Re: [PATCH for-next V6 3/5] IB/uverbs: Enable device removal when there are active user space applications

2015-07-06 Thread Yishai Hadas

On 6/30/2015 9:40 PM, Jason Gunthorpe wrote:

On Tue, Jun 30, 2015 at 01:26:05PM +0300, Yishai Hadas wrote:

  struct ib_uverbs_device {
-   struct kref ref;
+   struct kref comp_ref;
+   struct kref free_ref;


So.. I was looking at this, and there is something wrong with the
existing code.

This old code:

cdev_del(uverbs_dev-cdev);
[..]
wait_for_completion(uverbs_dev-comp);
-   kfree(uverbs_dev);

Has built in to it an assumption that when cdev_del returns there can
be no possible open() running. Which doesn't appear to be true, cdev
calls open unlocked and relies on refcounting to make everything work
out.


The patch that introduces this bug was added 5 years ago by Alex Chiang 
and Signed-off-by: Roland Dreier.


Look at commit ID:2a72f212263701b927559f6850446421d5906c41, it can be 
seen also at: 
http://git.kernel.org/cgit/linux/kernel/git/torvalds/linux.git/commit/?id=2a72f212263701b 



Before this commit there was a device look-up table that was protected 
by a spin_lock used by ib_uverbs_open and by ib_uverbs_remove_one. When 
it was dropped and container_of was used instead, it enabled the race 
with remove_one as dev might be freed just after:
dev = container_of(inode-i_cdev, struct ib_uverbs_device, cdev) but 
before the kref_get.


In addition, this buggy patch added some dead code as 
container_of(x,y,z) can never be NULL and so dev can never be NULL.
As a result the comment above ib_uverbs_open saying the open method 
will either immediately run -ENXIO is wrong as it can never happen.

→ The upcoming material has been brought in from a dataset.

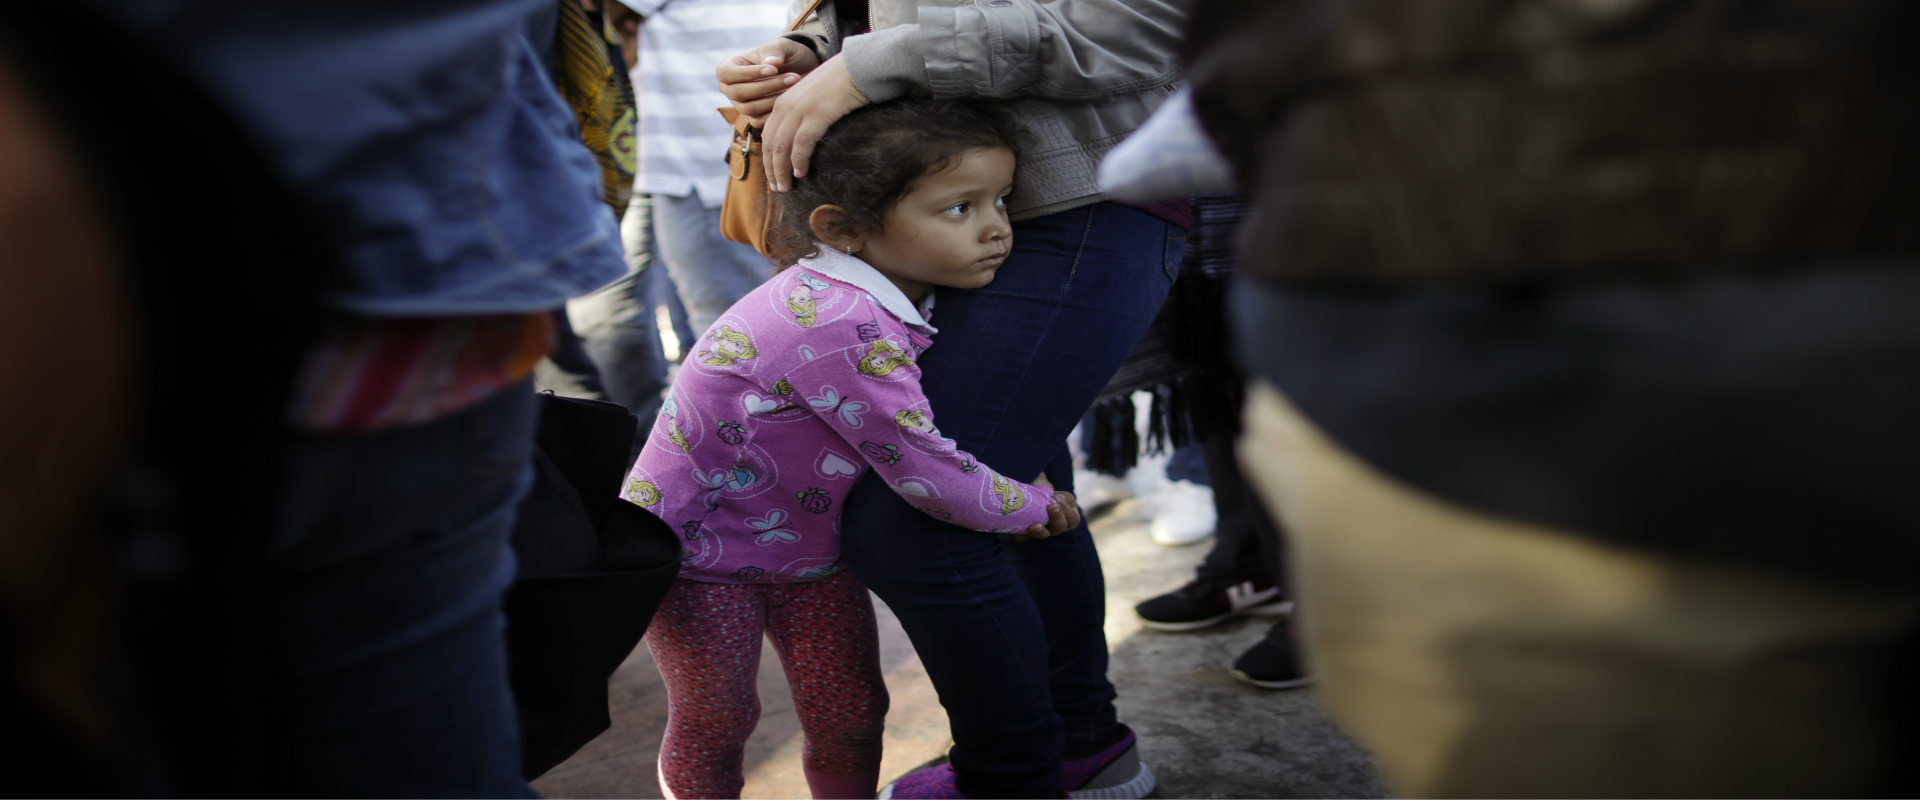 ילדה בגבול מקסיקו-ארה"ב

 static int ib_uverbs_open(struct inode *inode, struct file *filp)
 {
@@ -631,13 +628,10 @@ static int ib_uverbs_open(struct inode *inode, 
struct file *filp)

struct ib_uverbs_file *file;
int ret;

-   spin_lock(map_lock);
-   dev = dev_table[iminor(inode) - IB_UVERBS_BASE_MINOR];
+   dev = container_of(inode-i_cdev, struct ib_uverbs_device, cdev);
if (dev)
kref_get(dev-ref);
-   spin_unlock(map_lock);
-
-   if (!dev)
+   else
return -ENXIO;


Doug/Jason,
AFAIK V6 addressed all opened comments raised by Jason, including the 
last one that asked to use 2 separate krefs for both complete and free, 
it didn't introduced the problem above.


I believe that we should go forward and take the series. Please consider 
that this series fixes an existing oops in patch #1 and adds a missing 
functionality in the kernel, Enable device removal when there are 
active user space clients.


To fix the existing 5 years bug an orthogonal patch that fixes the buggy 
patch should be sent.


Alex/Roland:
Please review above, any option that you'll contribute a patch that 
solves that problem ? any comment on ?




--
To unsubscribe from this list: send the line unsubscribe linux-rdma in
the body of a message to majord...@vger.kernel.org
More majordomo info at  http://vger.kernel.org/majordomo-info.html


Re: [PATCH for-next V6 3/5] IB/uverbs: Enable device removal when there are active user space applications

2015-07-06 Thread Jason Gunthorpe
On Mon, Jul 06, 2015 at 05:08:08PM +0300, Yishai Hadas wrote:

 The patch that introduces this bug was added 5 years ago by Alex Chiang and
 Signed-off-by: Roland Dreier.
 
 Look at commit ID:2a72f212263701b927559f6850446421d5906c41, it can be seen
 also at:
 http://git.kernel.org/cgit/linux/kernel/git/torvalds/linux.git/commit/?id=2a72f212263701b

Perhaps, this one also looks involved as well:

commit 055422ddbb0a7610c5f57a056743d7336a39e90f
Author: Alexander Chiang achi...@hp.com
Date:   Tue Feb 2 19:07:49 2010 +

IB/uverbs: Convert *cdev to cdev in struct ib_uverbs_device

Instead of storing a pointer to a cdev, embed the entire struct cdev.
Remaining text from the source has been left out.